The design separated concerns across clear layers:

  1. HAProxy handled inbound HTTP and TCP routing.
  2. keepalived exposed a floating virtual IP for failover at the edge.
  3. Patroni managed PostgreSQL primary election.
  4. PgBouncer stabilized database connection pressure.
  5. etcd stored cluster state for Patroni.

That separation matters because it prevents a single tool from becoming responsible for too much behavior.

HAProxy at the Edge

HAProxy was the first place where resilience became visible. The job was simple: route traffic only to healthy backends and fail fast when a service dropped out.

haproxy
global
  log /dev/log local0
  maxconn 5000

defaults
  mode http
  timeout connect 5s
  timeout client 30s
  timeout server 30s

frontend https_front
  bind *:443 ssl crt /etc/ssl/private/platform.pem
  default_backend app_servers

backend app_servers
  option httpchk GET /health
  http-check expect status 200
  balance roundrobin
  server app1 10.0.0.11:3000 check
  server app2 10.0.0.12:3000 check

The health check endpoint had to be cheap and honest. If the application could not reach its dependencies, the health endpoint should say so. A misleading health check is worse than no health check at all.

PostgreSQL Failover With Patroni

Database failover is where many “high-availability” designs reveal their weak points. It is not enough to have a replica. You need leader election, replication health monitoring, and a clean path for clients to discover the current primary.

Patroni handled that orchestration cleanly.

yaml
scope: hosting-platform
namespace: /service/
name: db-node-1

restapi:
  listen: 0.0.0.0:8008
  connect_address: 10.0.0.21:8008

etcd:
  hosts: 10.0.0.31:2379,10.0.0.32:2379,10.0.0.33:2379

postgresql:
  listen: 0.0.0.0:5432
  connect_address: 10.0.0.21:5432
  data_dir: /var/lib/postgresql/data
  authentication:
    replication:
      username: replicator
      password: strong-password

The important design choice was not just enabling Patroni. It was ensuring every client path used a stable service endpoint rather than hard-coding the original primary.

PgBouncer Protected the Database Layer

Application servers can overwhelm PostgreSQL quickly if every request opens a fresh connection. PgBouncer acted as the buffer between bursty app traffic and the database.

ini
[databases]
platform = host=postgres-primary port=5432 dbname=platform

[pgbouncer]
listen_addr = 0.0.0.0
listen_port = 6432
auth_type = md5
pool_mode = transaction
max_client_conn = 1000
default_pool_size = 100

transaction pooling gave me the best balance between throughput and compatibility. Session-level behavior is easier to reason about, but transaction pooling keeps resource usage under much tighter control in multi-tenant systems.

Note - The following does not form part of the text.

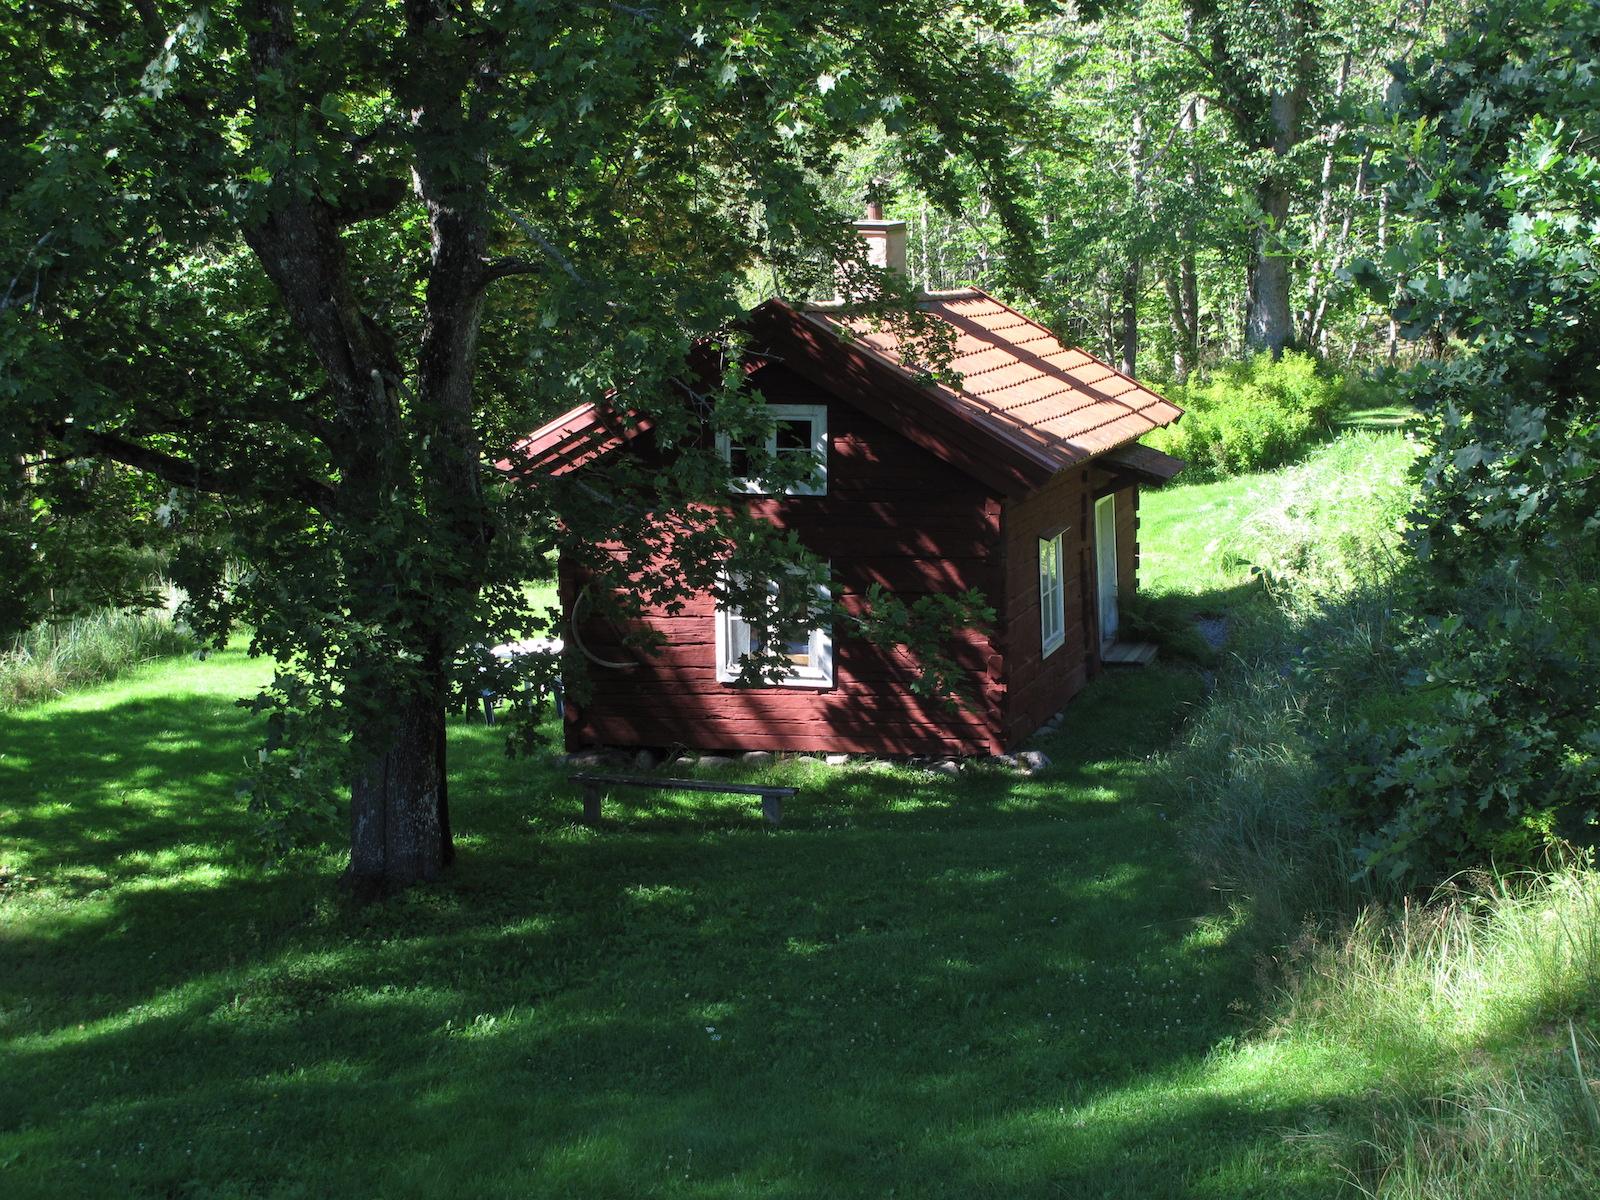 Sommarstuga, Torp - Ferienhäuser, Hütten, Kleine Fiskarp, Östergötland

Edge Failover With keepalived

The virtual IP layer removed another single point of failure. If one load balancer died, the floating IP moved to the standby node.

conf
vrrp_instance VI_1 {
  state BACKUP
  interface eth0
  virtual_router_id 51
  priority 101
  advert_int 1
  authentication {
    auth_type PASS
    auth_pass supersecret
  }
  virtual_ipaddress {
    10.0.0.10/24
  }
}

This is one of those pieces that feels invisible when it works correctly. That is exactly what you want.

Health Checks and Failure Semantics

High availability depends on deciding what “healthy” means. If you only check whether a process is running, you miss partial failures. If you check too much, you can create false positives and flap healthy nodes out of rotation.

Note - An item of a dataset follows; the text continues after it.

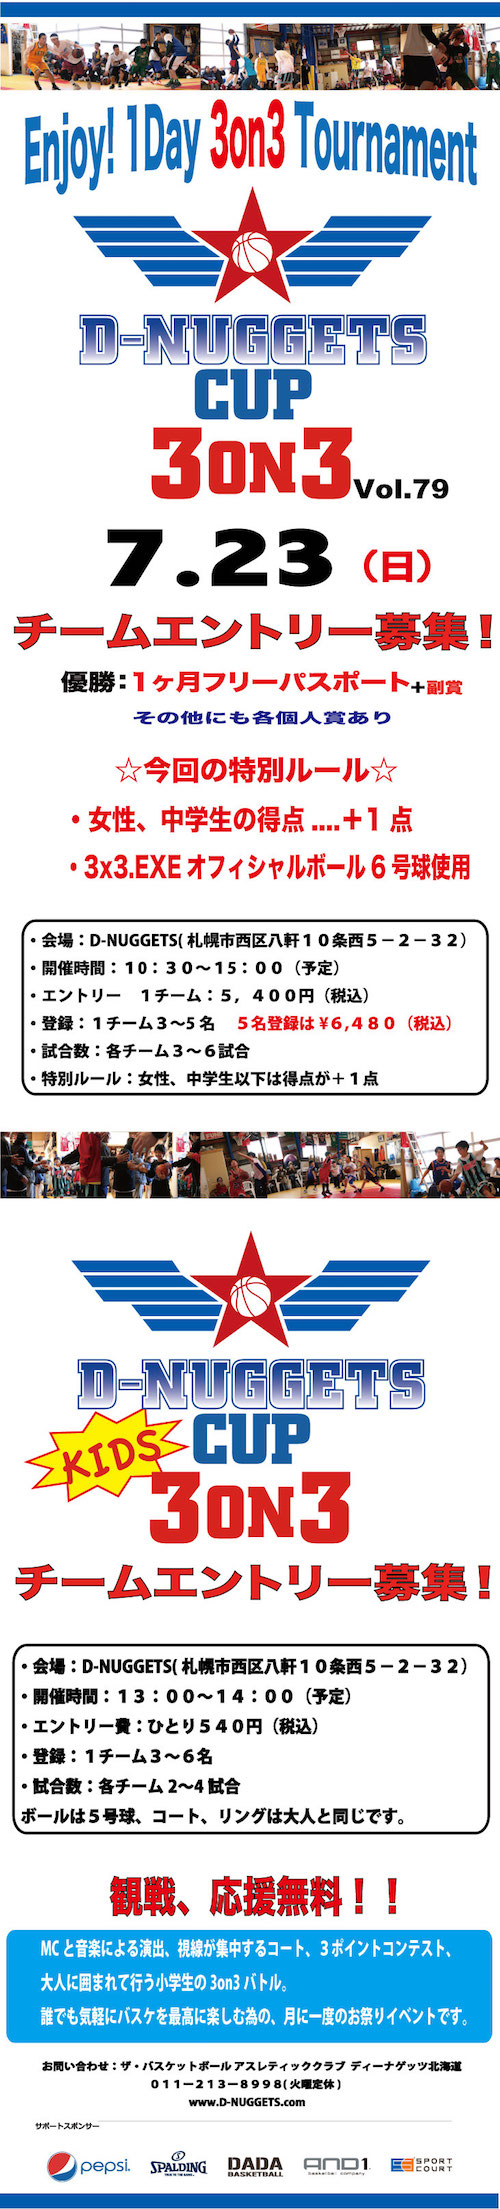 D-NUGGETS-CUP-HOKKAIDO-Vol79.jpg

I treated health checks in three tiers:

  1. process-level: is the service responding at all?
  2. dependency-level: can it reach its database, cache, or queue?
  3. role-level: is it allowed to serve this kind of traffic?

The role-level check mattered most for the database cluster because only the active primary should accept write traffic.

Operational Lessons

The biggest lesson was that high-availability architecture is operational architecture. The configuration snippets are only the visible part. The real work is deciding failover thresholds, rollback behavior, and what the system should do under partial degradation.

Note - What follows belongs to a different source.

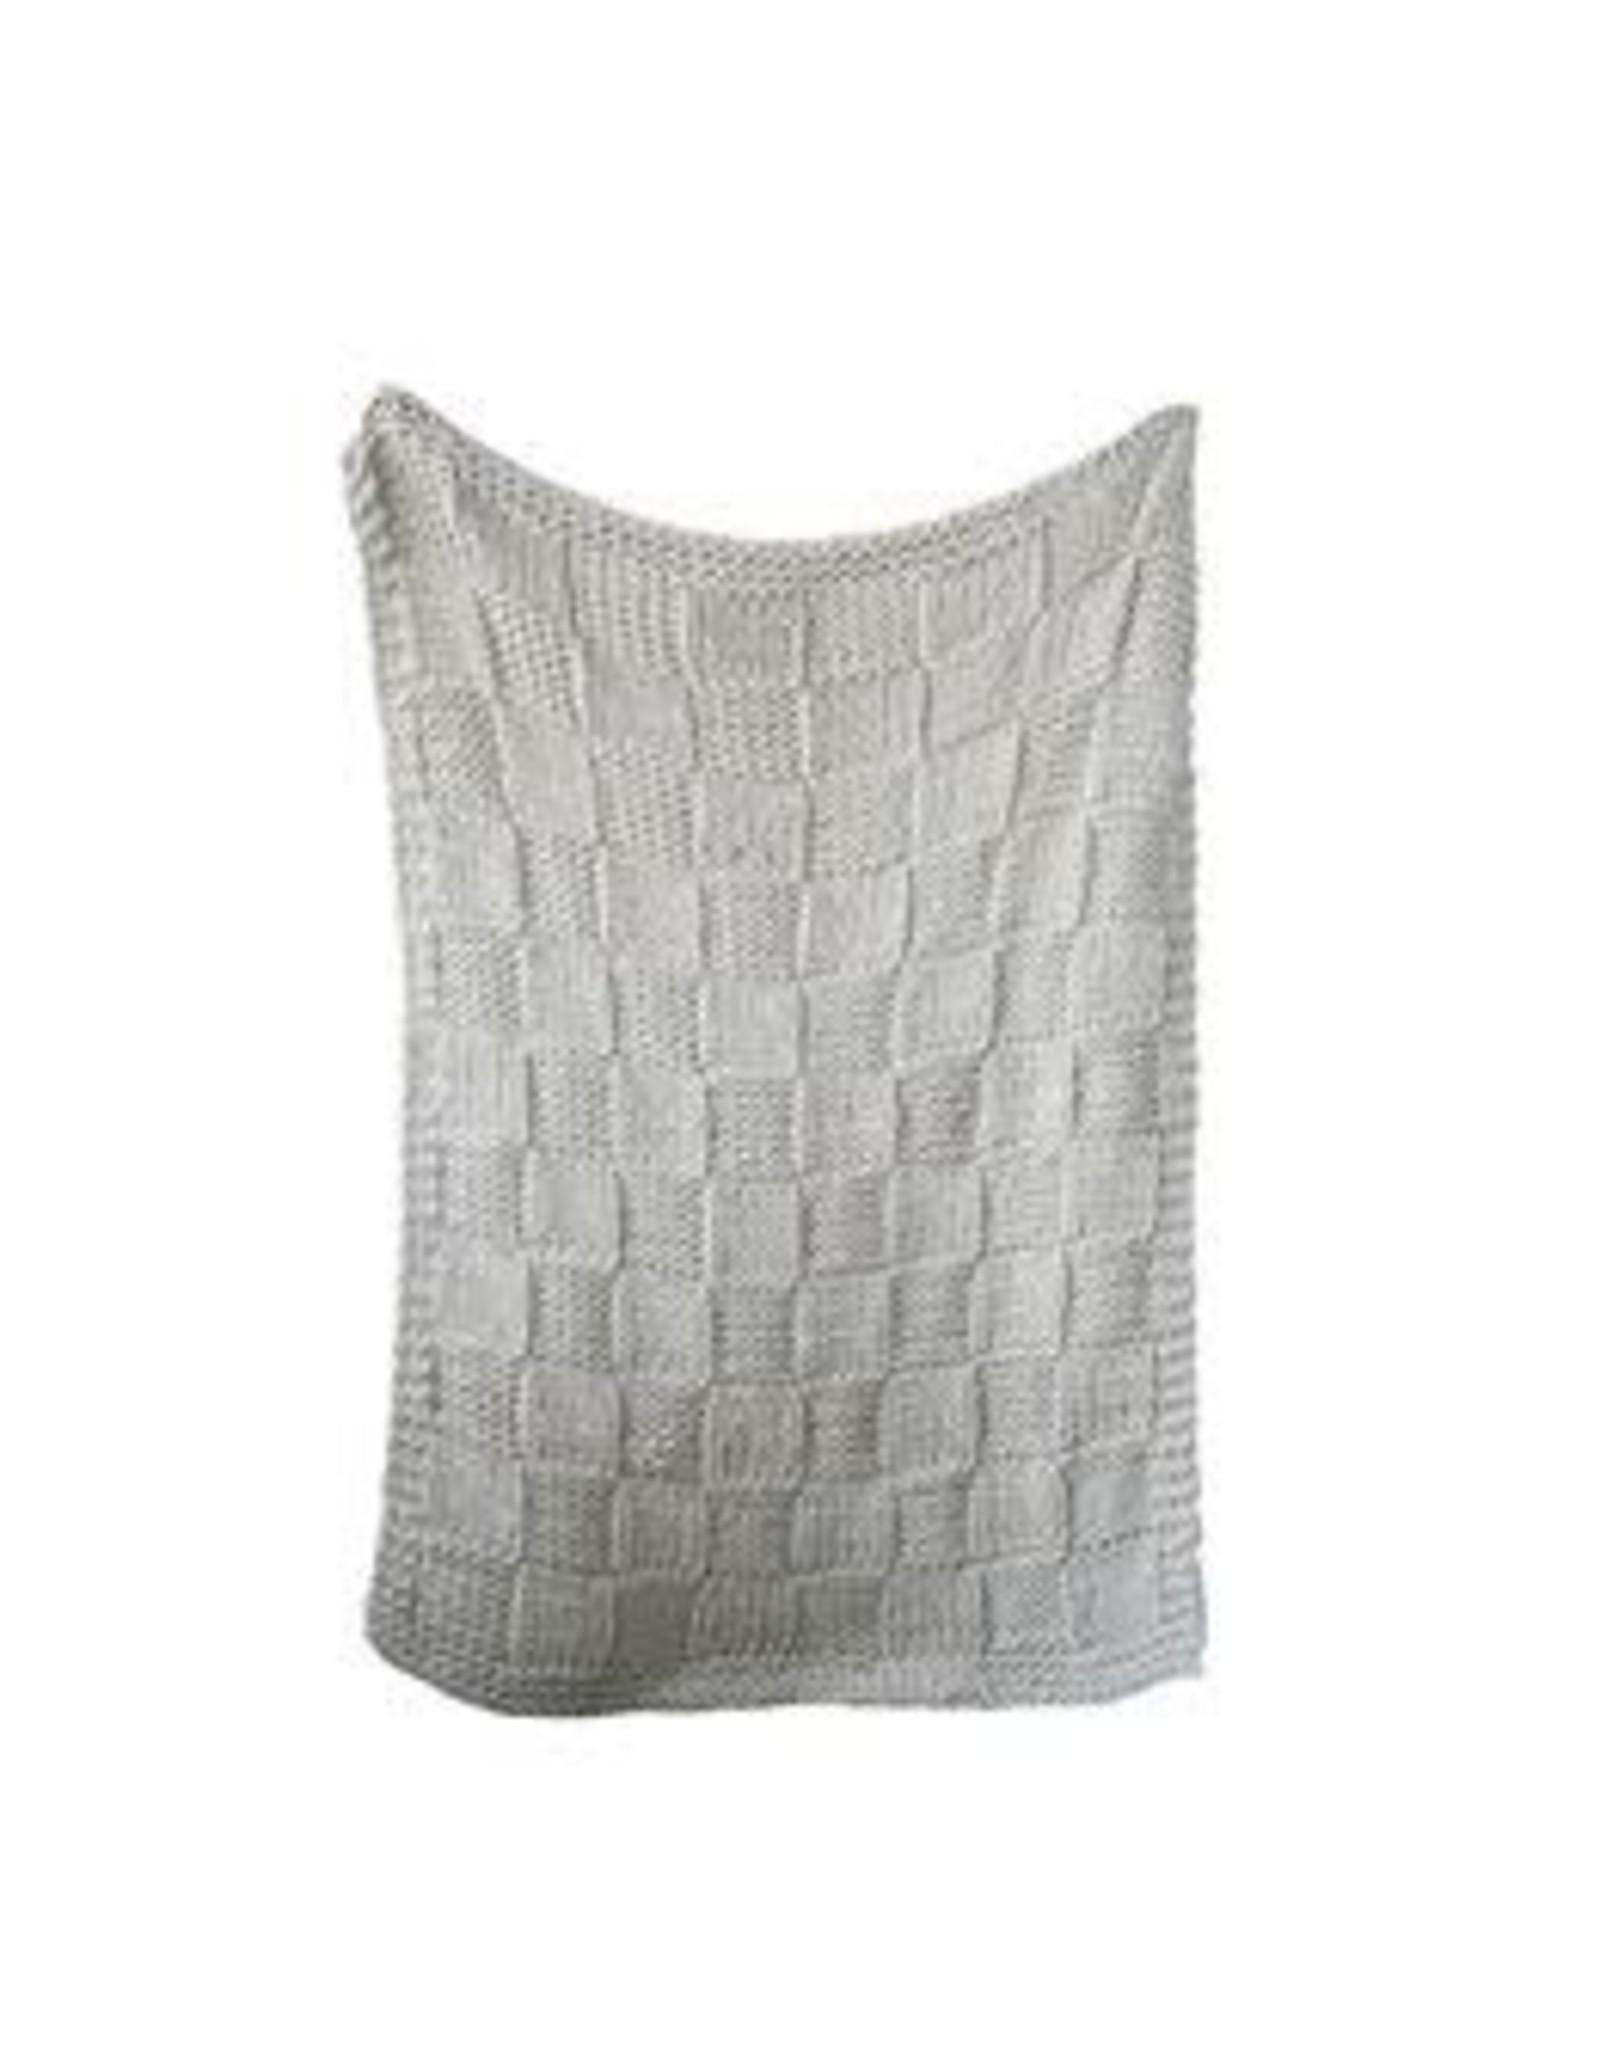 Chunky Knit Acrylic Throw, Natural

I also learned that every HA design needs simple runbooks. During an incident, people do not need a diagram. They need a short set of commands and expectations.

bash
patronictl list
curl -sf http://127.0.0.1:8008/health
haproxy -c -f /etc/haproxy/haproxy.cfg
systemctl status pgbouncer

If the on-call engineer can quickly answer “who is primary, who is serving, and where is traffic going,” recovery gets much faster.